As of the date hereof, the aggregate number and percentage of shares of Common Stock beneficially owned by Dr. Warner (on the basis of 12,812,361 shares of Common Stock outstanding as of February 2, 2015) are as follows:

 

(a)  Number of shares of Common Stock beneficially owned: Percent of class of Common Stock:
 

3,504,804

26.9%

 

(b) Number of shares of Common Stock as to which Dr. Warner has:  
       
  (i)  Sole power to vote or to direct the vote:  185,000  
       
  (ii) Shared power to vote or to direct the vote:  3,319,804  
       
  (iii) Sole power to dispose or to direct the disposition of:  185,000  
       
  (iv)  Shared power to dispose or to direct the disposition of:  3,319,804  

                                                                                          

  
 

 

CUSIP No. 983844101 13D Page 5 of 6 Pages

 

(c) See Item 4 and Annex A hereto, both of which are incorporated by reference herein.

 

(d) The Trust has the right to receive any dividends from, or the proceeds from any sale of, the securities owned of record by the Trust.
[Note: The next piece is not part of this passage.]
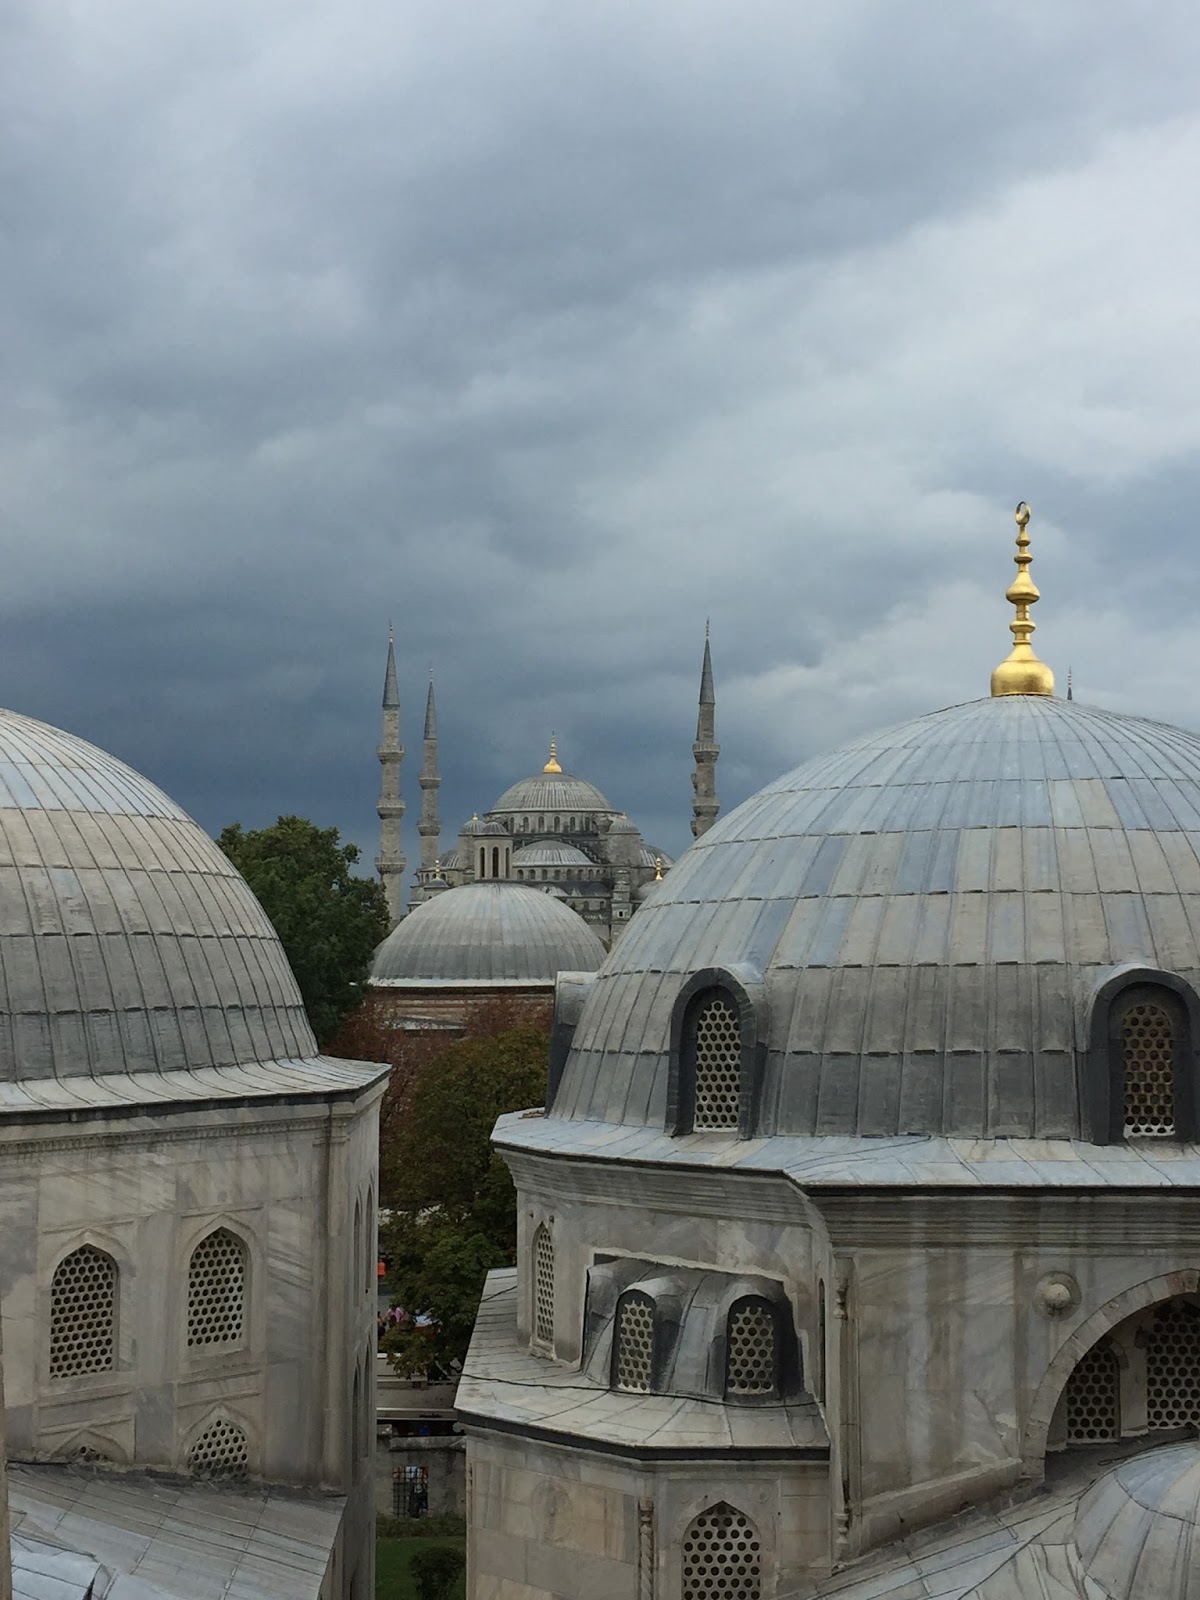 From Hagia Sophia to the Blue Mosque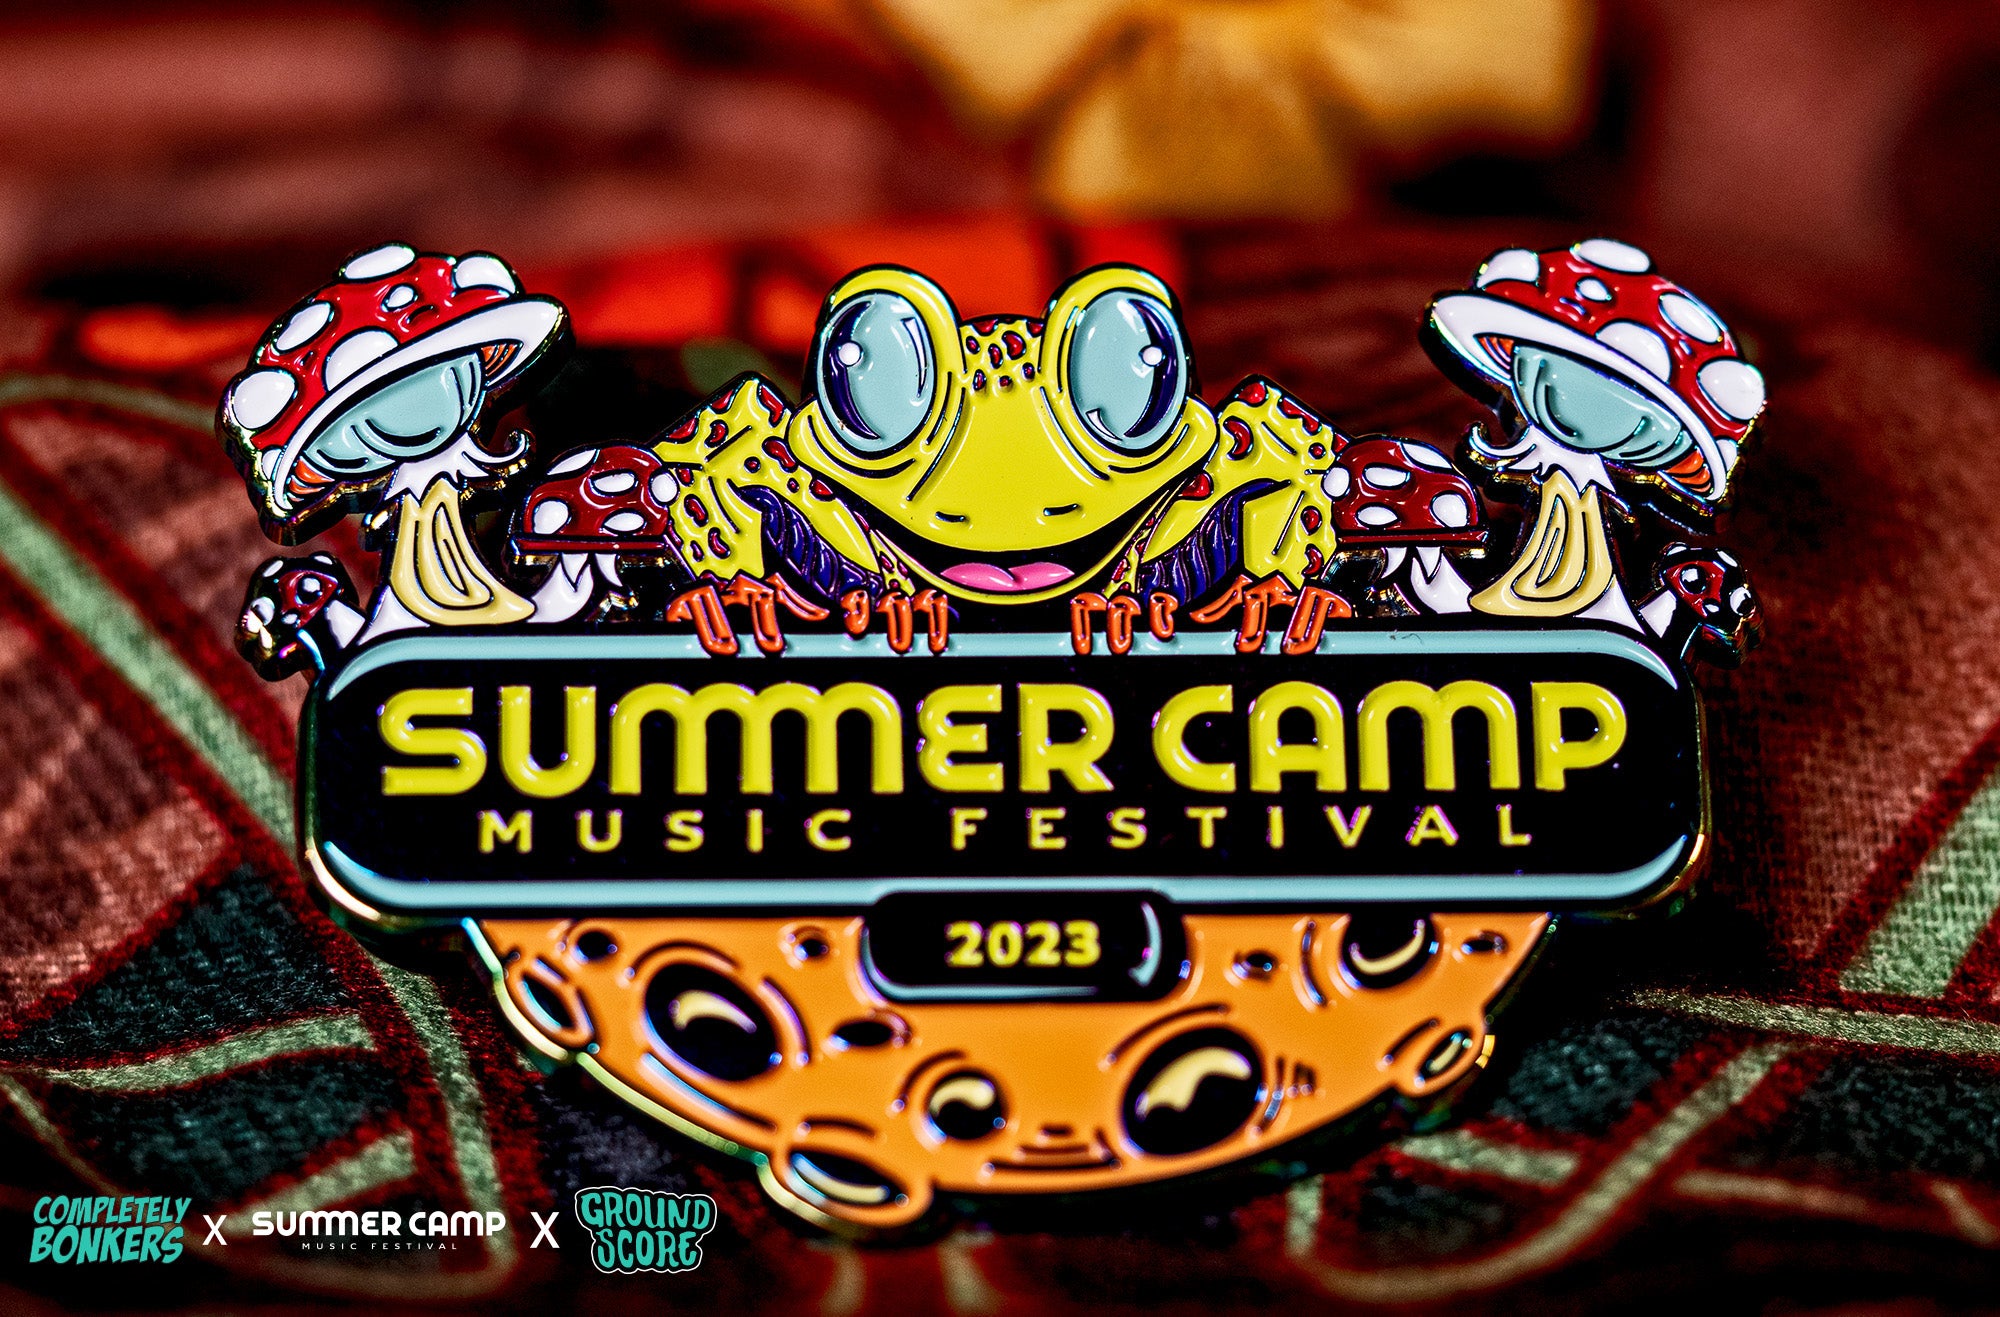 Completely Bonkers - Official 2023 Summer Camp Frog Pin (LE 175)

Ms. McBee has the right to receive any dividends from, or the proceeds from any sale of, shares of Common Stock owned of record by her.

 

(e) Not applicable.

 

Item 6. Contracts, Arrangements, Understandings or Relationships With Respect to Securities of the Issuer.

 

See the responses to Item 4 and Item 5, which are incorporated by reference herein.

 

Item 7. Material to be filed as Exhibits.

 

Exhibit 1:   Form of Certificate of Designations for Series A Preferred Stock (incorporated by reference to Exhibit 3.3 of the Issuer’s Registration Statement on Form S-1 filed on February 14, 2012)
     
Exhibit 2:   Form of Certificate of Designations for Series B Preferred Stock (incorporated by reference to Exhibit 3.1 of the Issuer’s Current Report on Form 8-K filed April 29, 2013)
     
Exhibit 3:   Form of Series B Preferred Stock Exchange Agreement (incorporated by reference to Exhibit 10.1 of the Issuer’s Current Report on Form 8-K filed February 3, 2015)
     
Annex A:   Certain Transactions by the Reporting Person

                                                                                           

  
 

 

CUSIP No. 983844101 13D  Page 6 of 6 Pages

 

SIGNATURE

 

After reasonable inquiry and to the best of my knowledge and belief, I certify that the information set forth in this statement is true, complete and correct.

 

Date: February 10, 2015

 

    /s/ Dr. Benjamin Warner  
    Dr. Benjamin Warner

 

 

  
 

 

Annex A

 

Transactions by the Reporting Person During the Past Sixty Days

 

Date of Transaction Number of Securities Price per Share
1/31/2015   106,824 shares of Common Stock   *

 

 

*As described in this Schedule 13D, on January 31, 2015, Dr. Warner acquired beneficial ownership of 106,824 shares of Common Stock upon the exchange of 63,201 of shares of Series B Preferred Stock.